Airfares in the Asia-Pacific are showing their first signs of stability in 18 months, but it may be a short-lived respite, according to the latest edition of the American Express Asia-Pacific Airfare Index.

Terrorist attacks, concerns about a war in Iraq and rising oil prices threaten further hikes in air travel, the survey said. Increases in all seat classes for the fourth quarter of this year are between zero and 0.5 per cent, down from third-quarter increases of 1.0 to 1.5 per cent, it said.

The survey tracks published fares on the first day of each quarter in six seat categories on 165 routes originating in the Asia-Pacific region. Despite signs of stability, "there is potential for volatility in the months to come", said Jim Georges, regional director of American Express Consulting, Asia Pacific.
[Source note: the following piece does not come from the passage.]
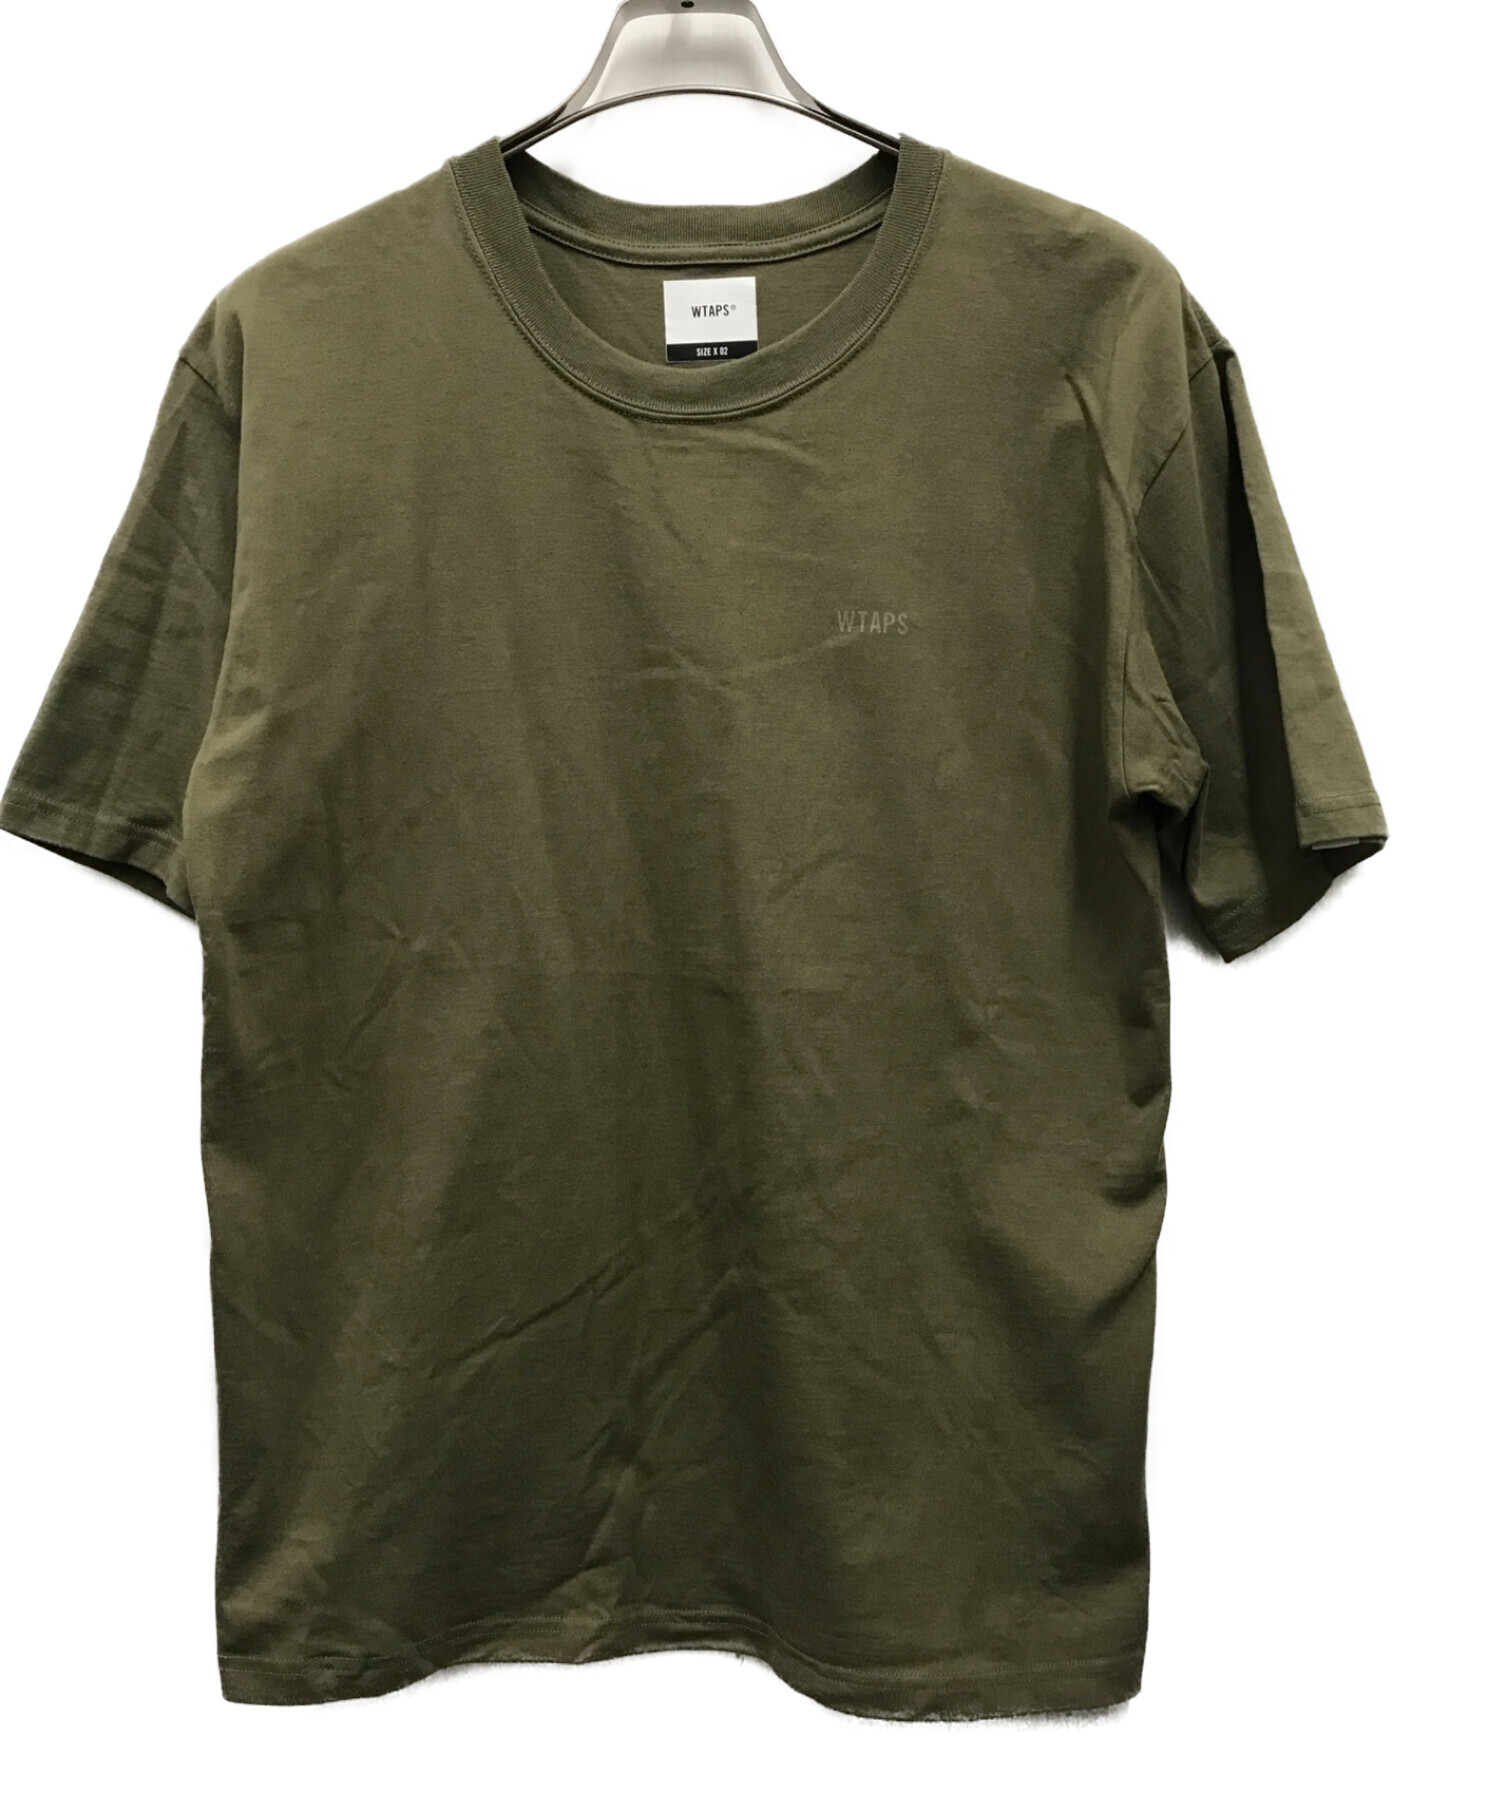 Wtaps olive tshirts size 02

Over the past 12 months, first class airfares in the region have increased 2.5 per cent, business class rose 2.8 per cent, while full and discount economy fares increased 1.8 and 2.0 pct respectively. Peak season excursion tickets were up 2.1 per cent, and in the off-season they rose two per cent.

The most significant increases this quarter were on several Australian domestic routes where business class fares increased 3.6 per cent compared with the third quarter and several leisure fares also increased.

The rise in business class airfares was attributed to the collapse of Ansett in September last year which left Qantas Airways with no direct competition in the corporate travel market.